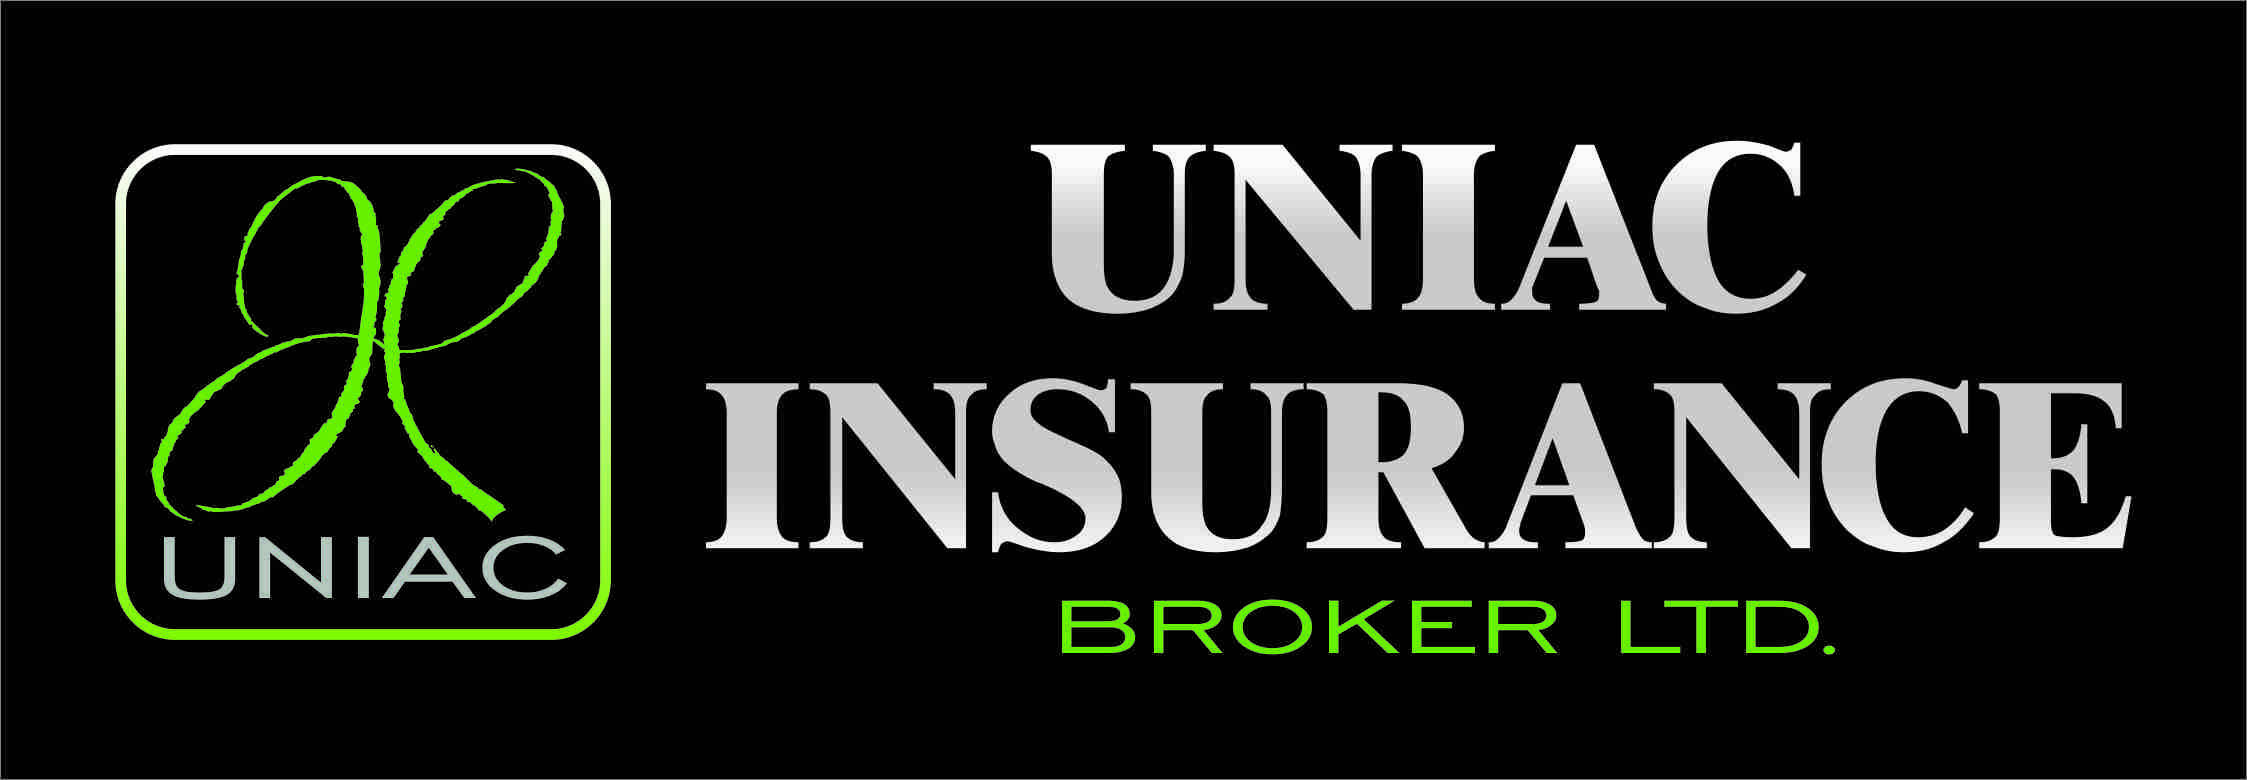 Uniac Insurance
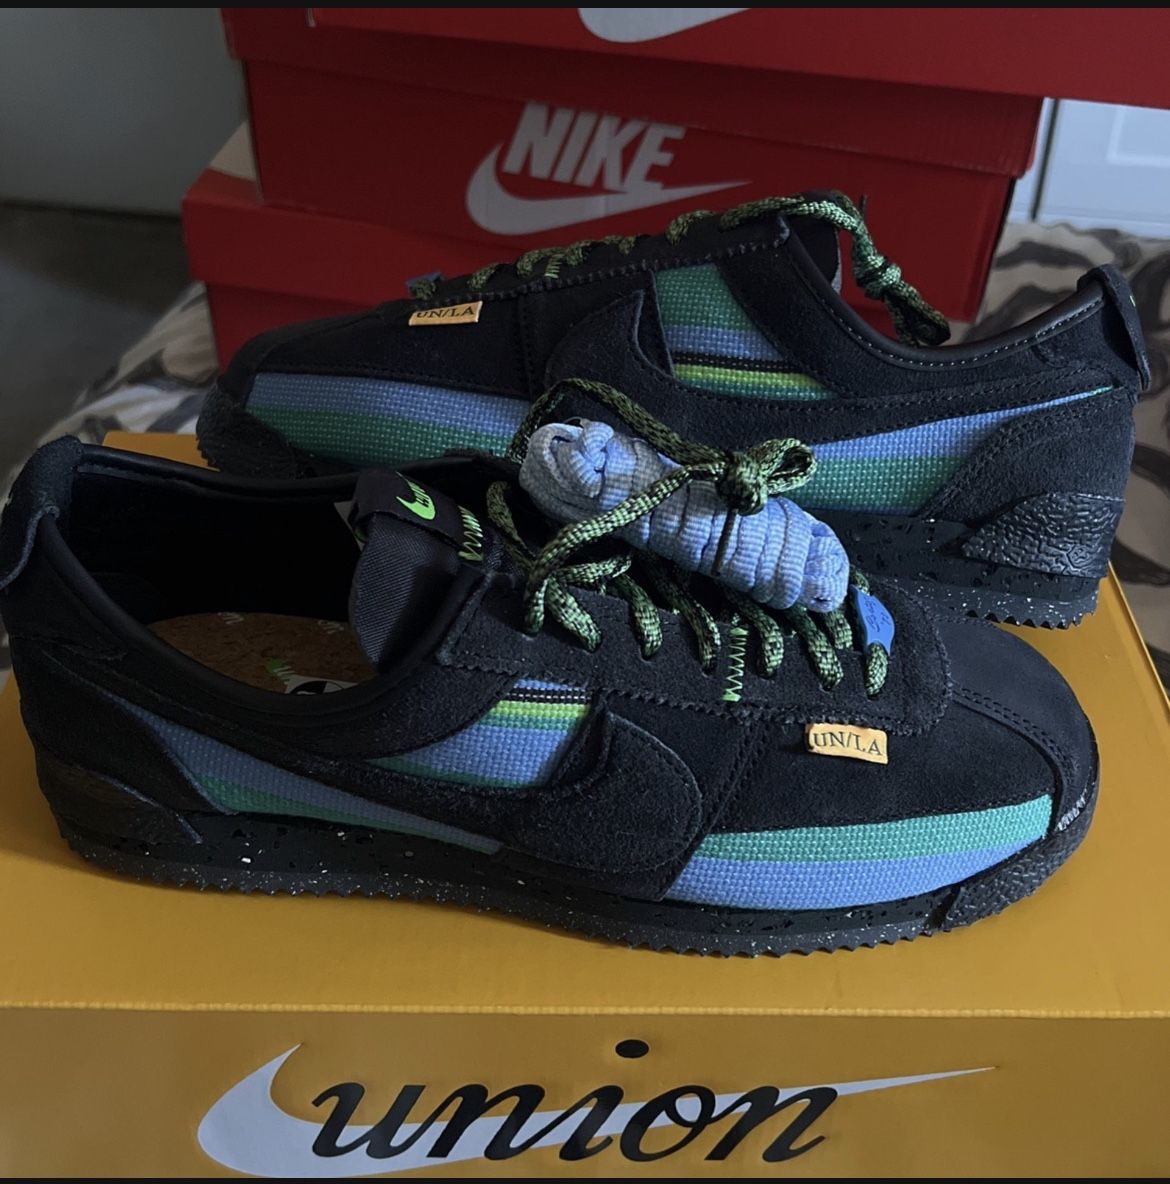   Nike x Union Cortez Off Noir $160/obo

━━━

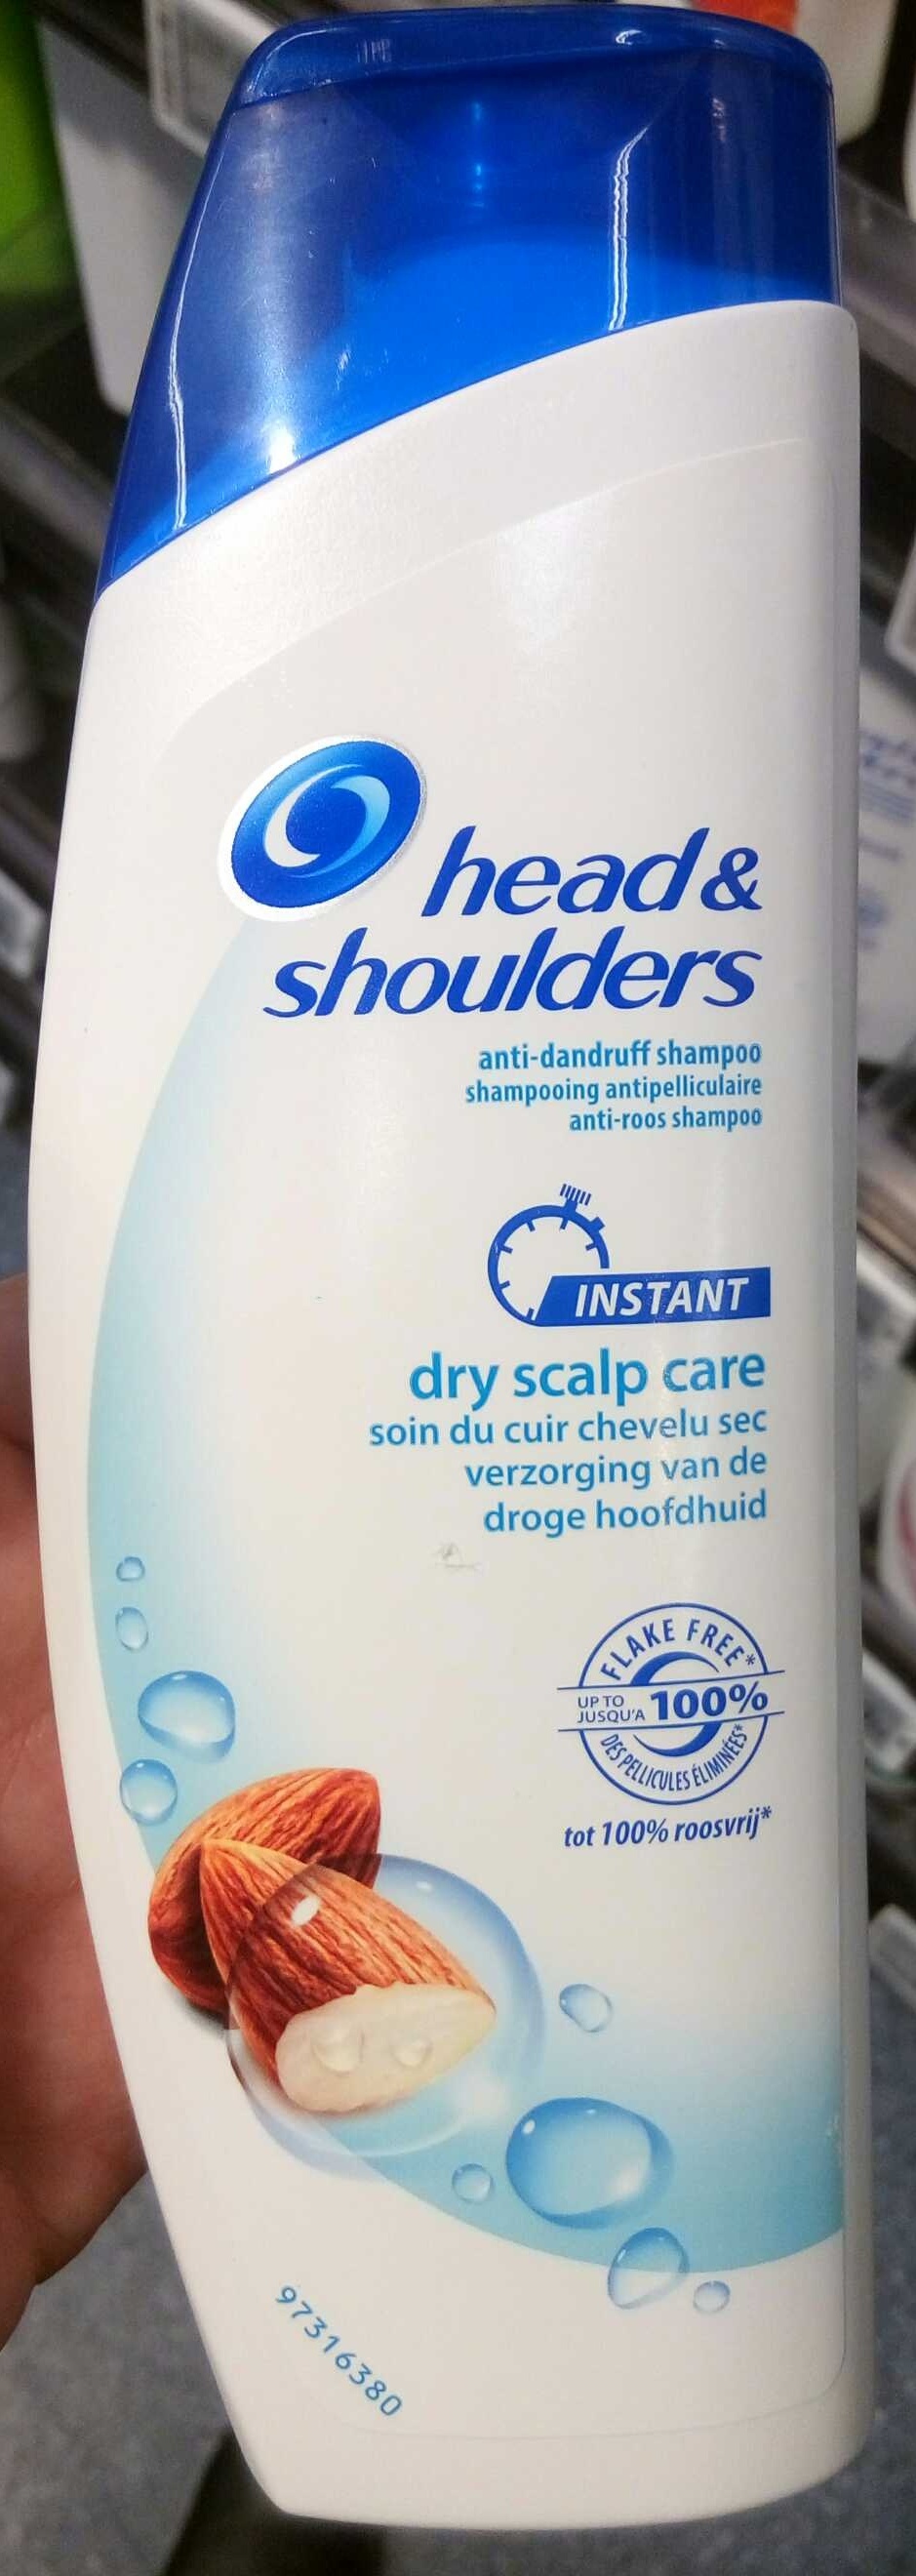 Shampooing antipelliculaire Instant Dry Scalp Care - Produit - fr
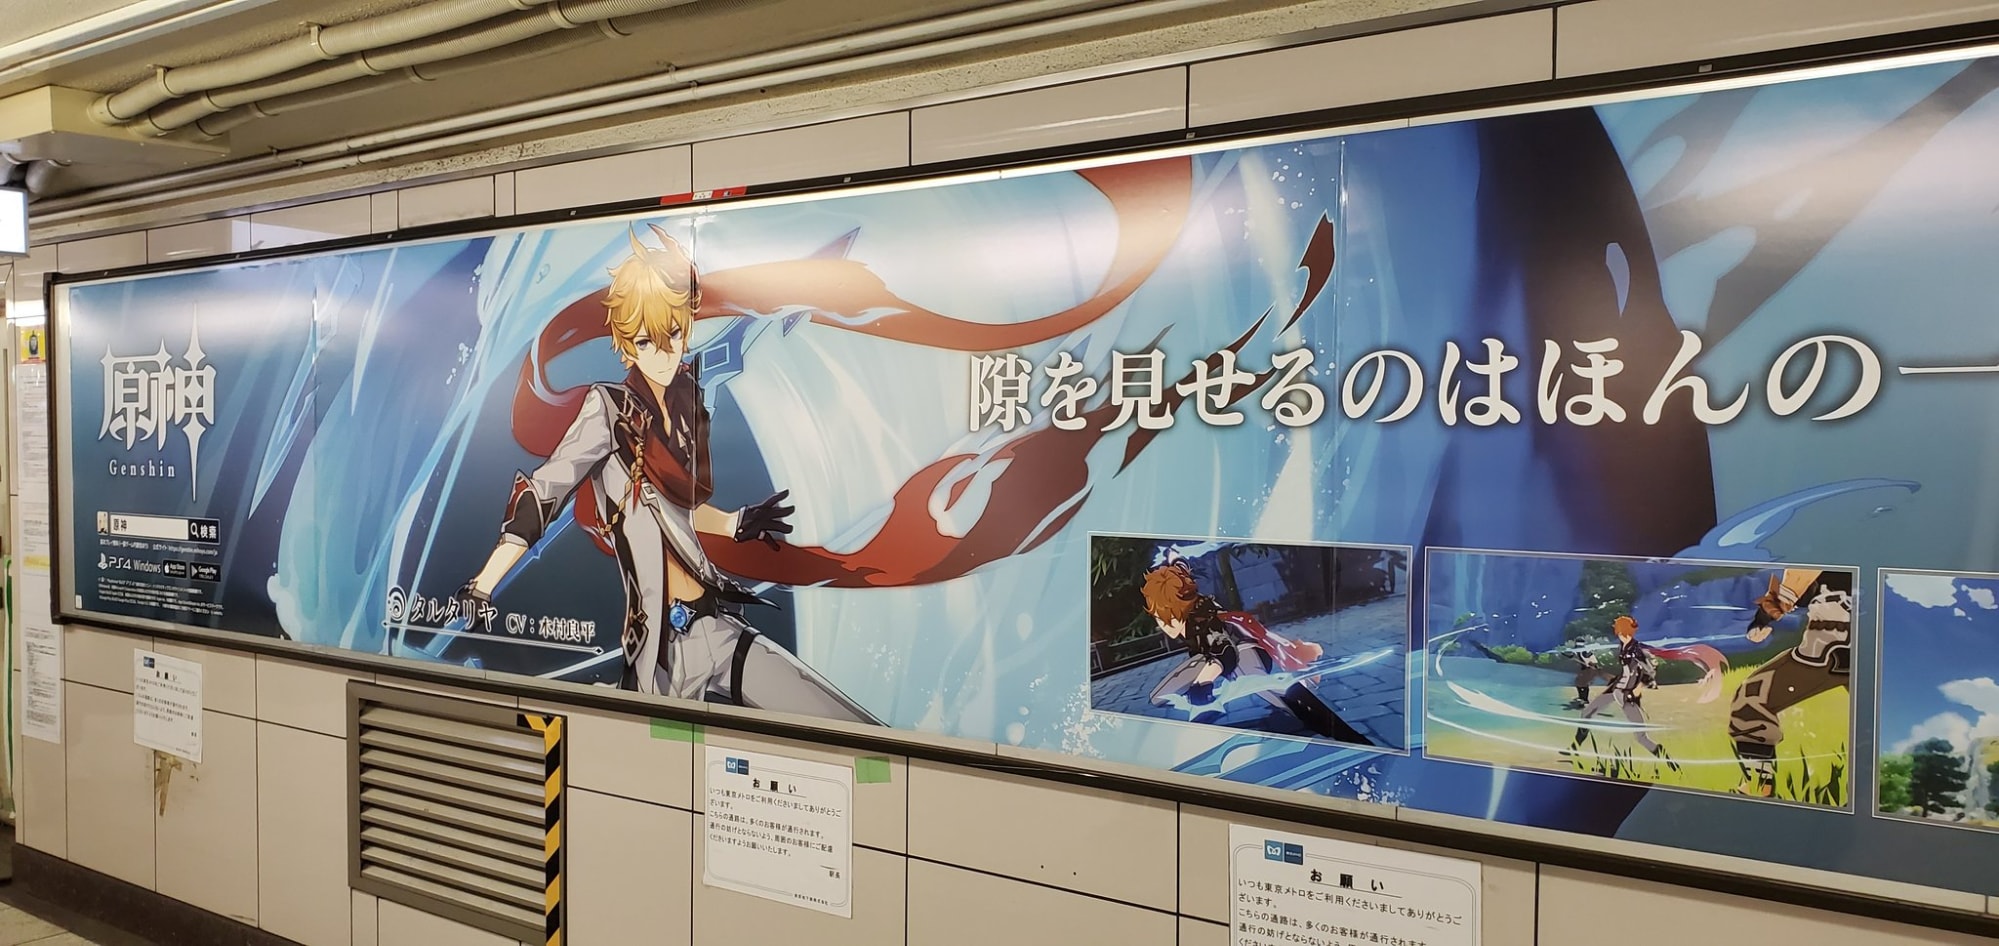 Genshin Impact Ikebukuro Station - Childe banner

━━━

What you have to do: Return exactly the lines above, from the one with "Uniac Insurance" up to and including the one with "Nike x Union Cortez Off Noir $160/obo", and include no pictures.

Written answer:
 Uniac Insurance
   Nike x Union Cortez Off Noir $160/obo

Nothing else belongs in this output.